§ WHAT TO PRODUCE
Repeat exactly the stretch of lines that starts with the one containing "Building a woodshed" and ends with the last line of the material. Leave out pictures.

§ RECORD SET
....

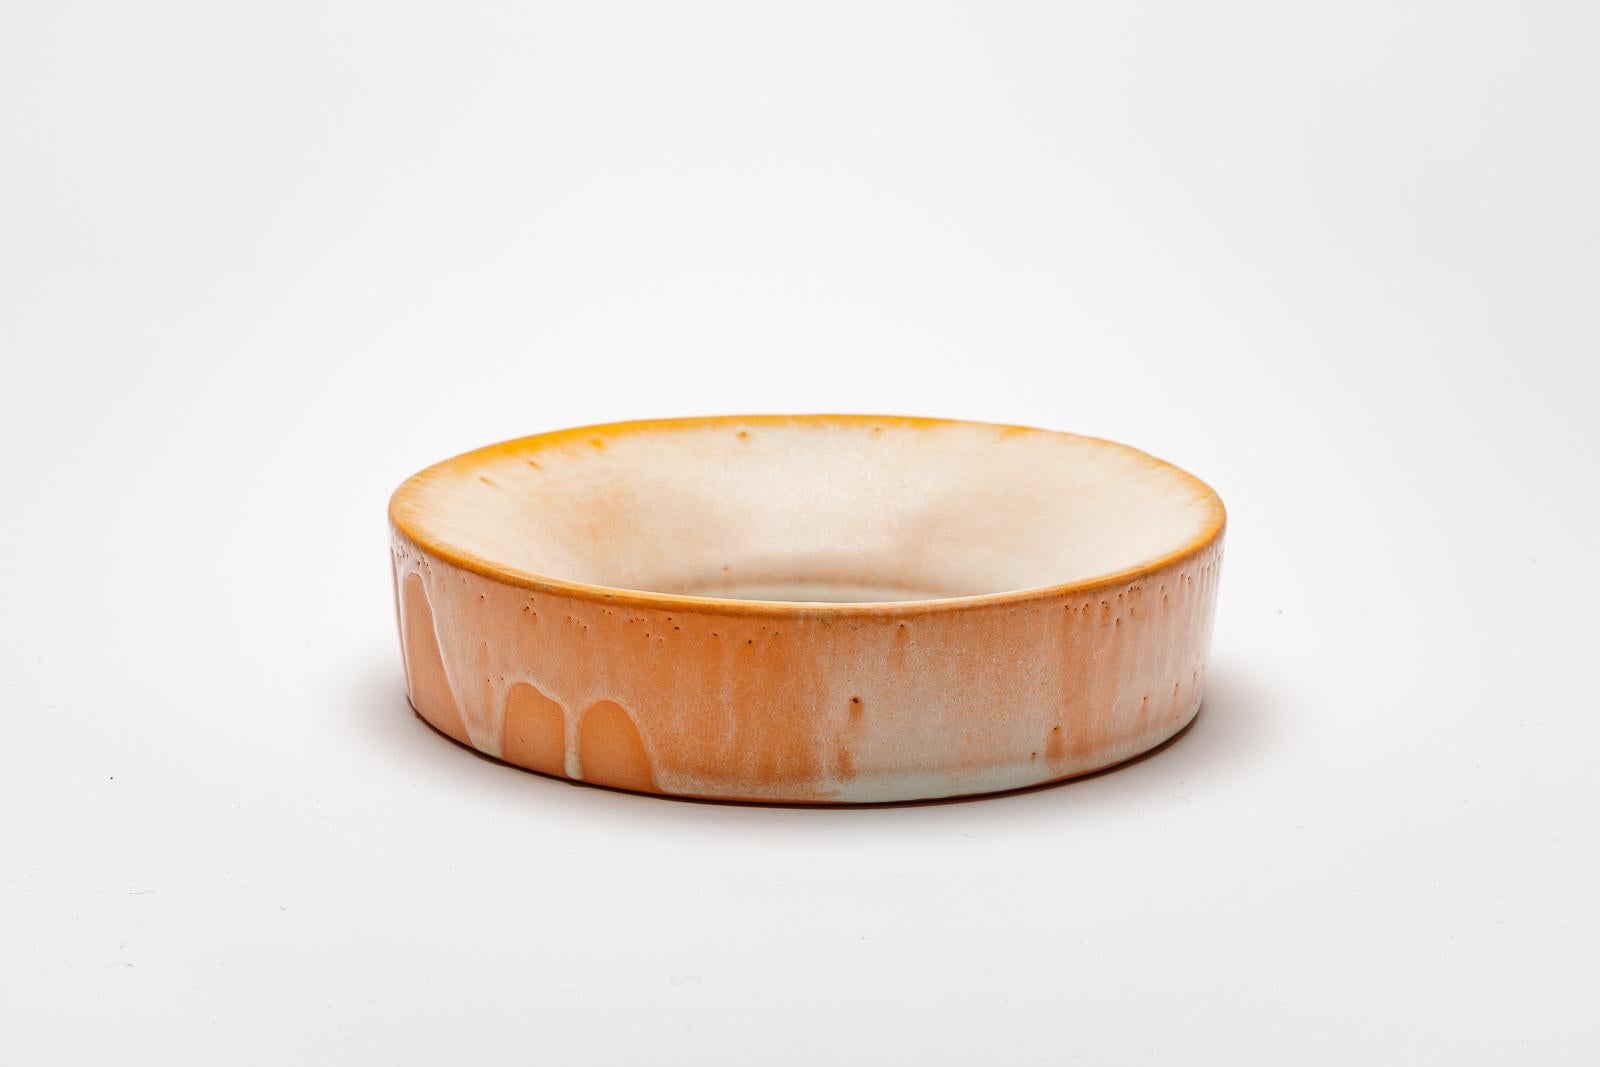 Orange und weiß glasierter Keramikspiegel von Mia Jensen.
Künstlersignatur unter dem Sockel. CIRCA 2023-2024.
H : 1,9' x 8,3' Zoll.
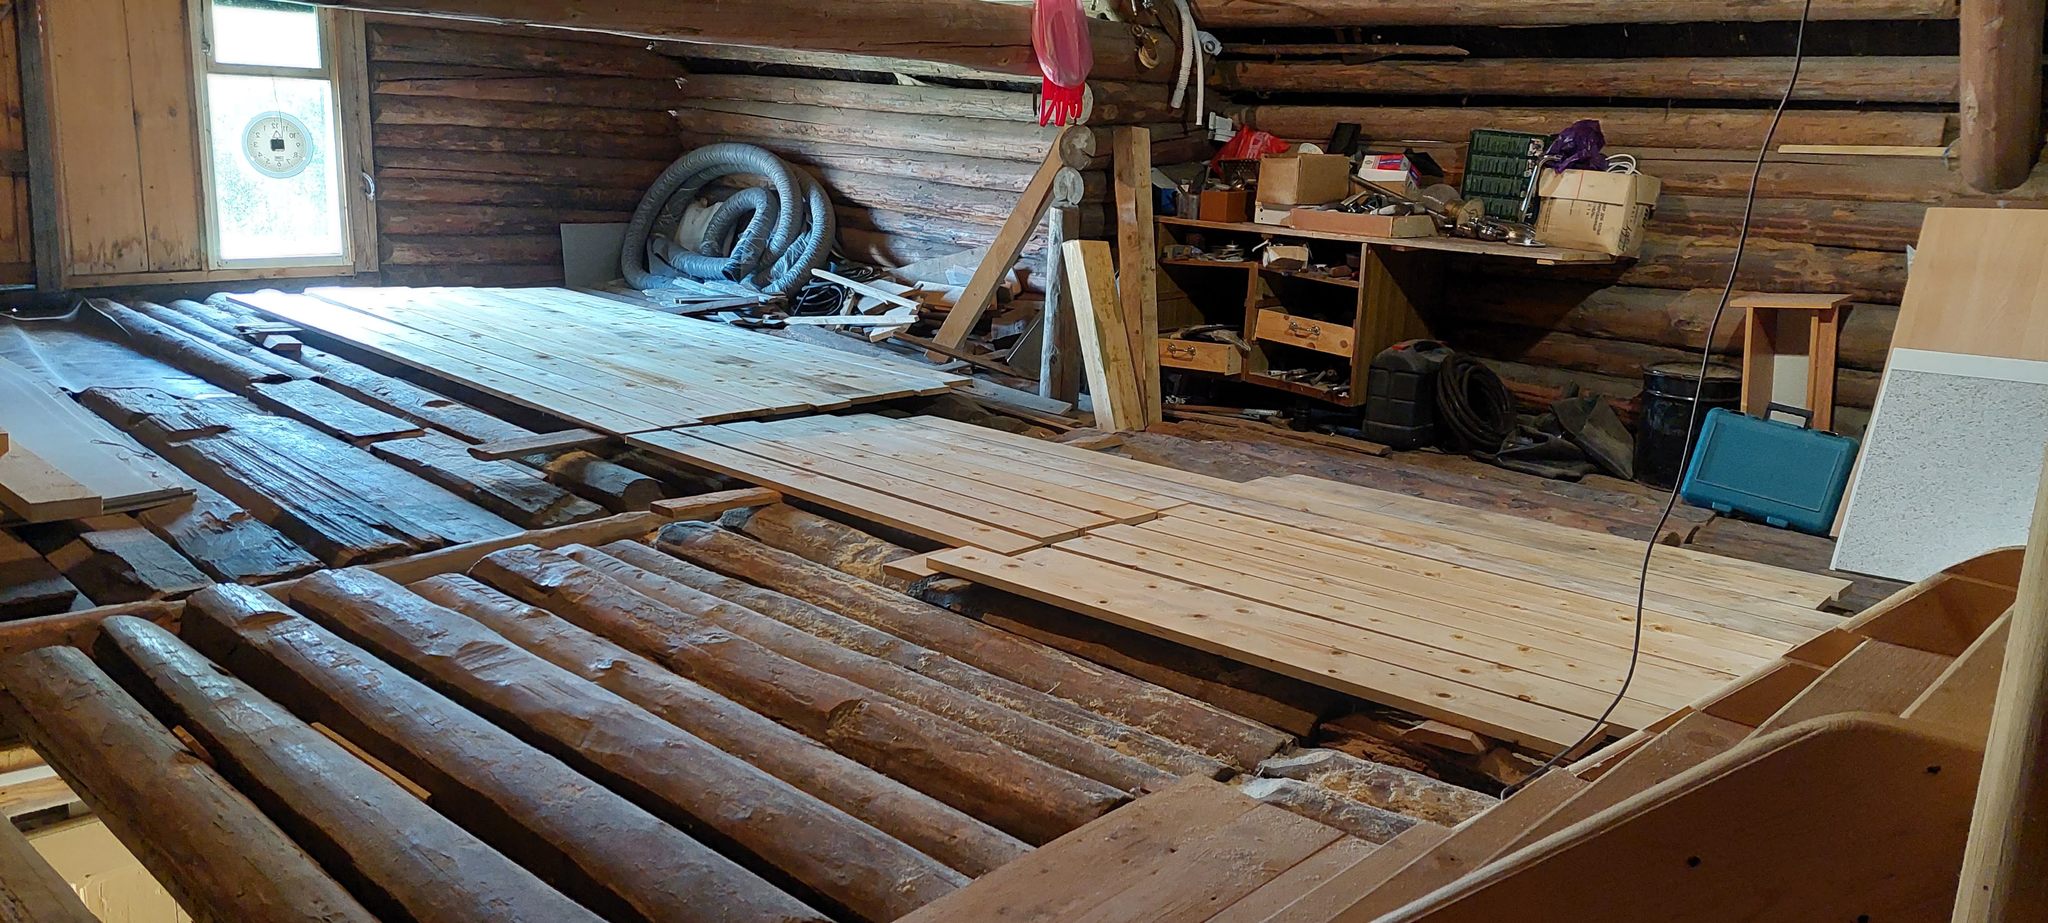 Building a woodshed - My, Woodshed, Construction, Longpost, Rukozhop
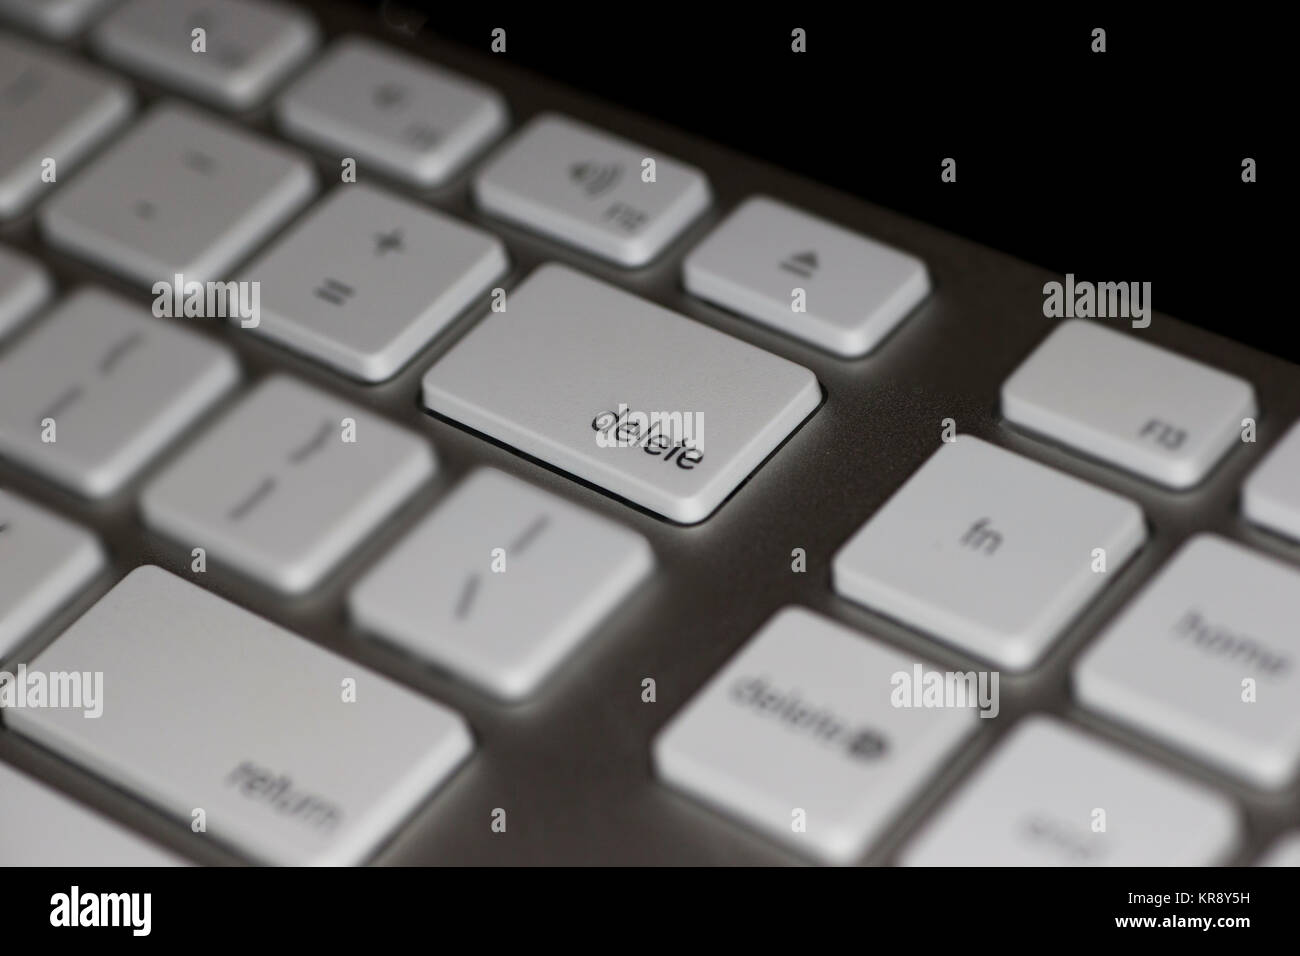 Vista dettagliata del tasto Canc sulla tastiera del computer con tasti bianchi su sfondo scuro Foto Stock
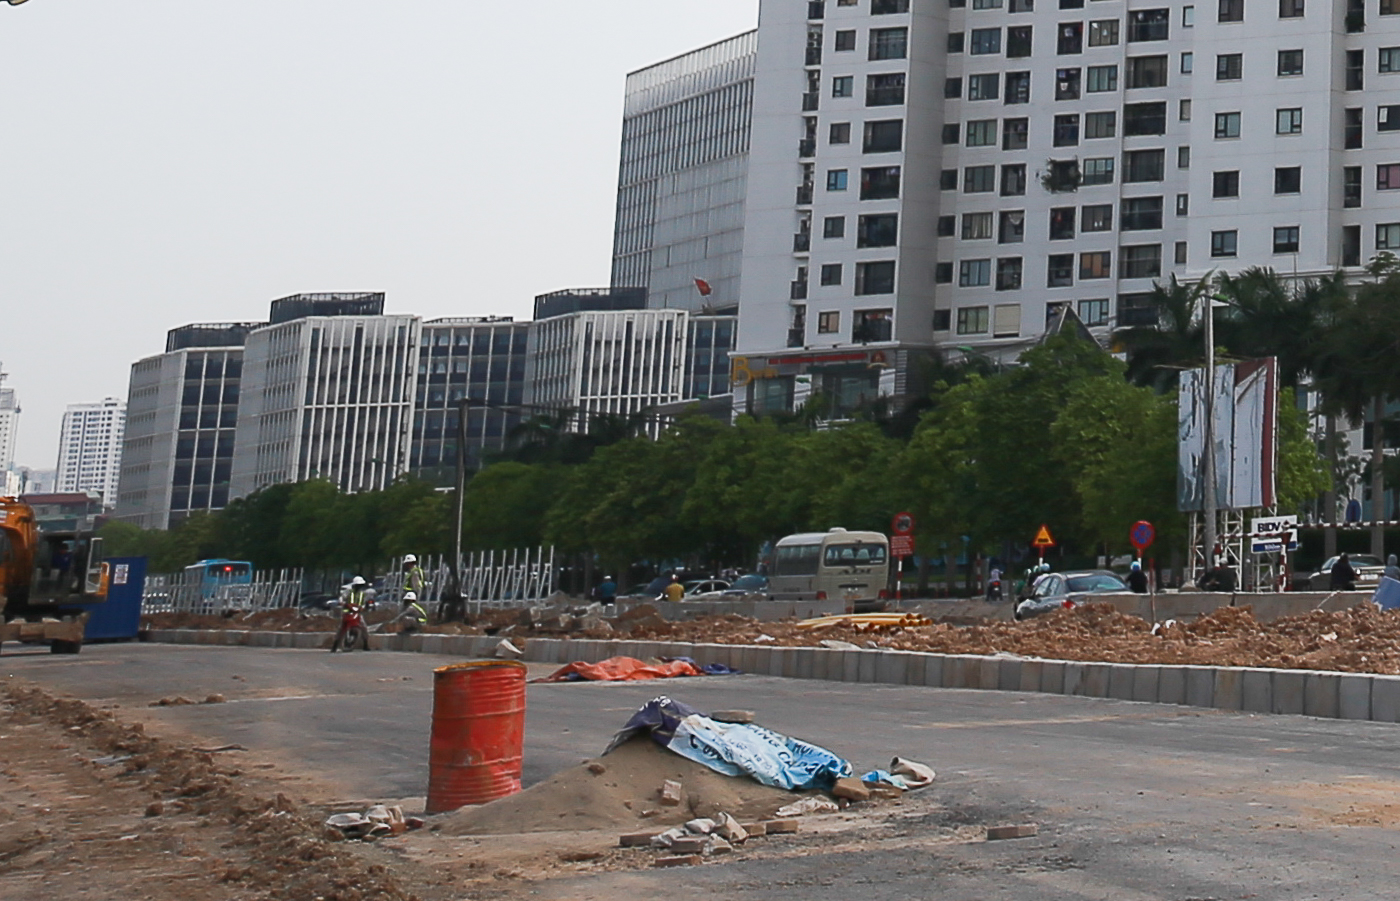 Đường Vành đai 3 đoạn Mai Dịch - cầu Thăng Long (đường Phạm Văn Đồng) Hà Nội có tổng chiều dài 5,5km. Dự án có tổng mức đầu tư là 3.113 tỷ đồng bằng nguồn ngân sách của TP Hà Nội; dự kiến hoàn thiện vào quý I năm 2018.

....

§ RESULT OF THIS EXERCISE
 Building a woodshed - My, Woodshed, Construction, Longpost, Rukozhop
 Vista dettagliata del tasto Canc sulla tastiera del computer con tasti bianchi su sfondo scuro Foto Stock
 Đường Vành đai 3 đoạn Mai Dịch - cầu Thăng Long (đường Phạm Văn Đồng) Hà Nội có tổng chiều dài 5,5km. Dự án có tổng mức đầu tư là 3.113 tỷ đồng bằng nguồn ngân sách của TP Hà Nội; dự kiến hoàn thiện vào quý I năm 2018.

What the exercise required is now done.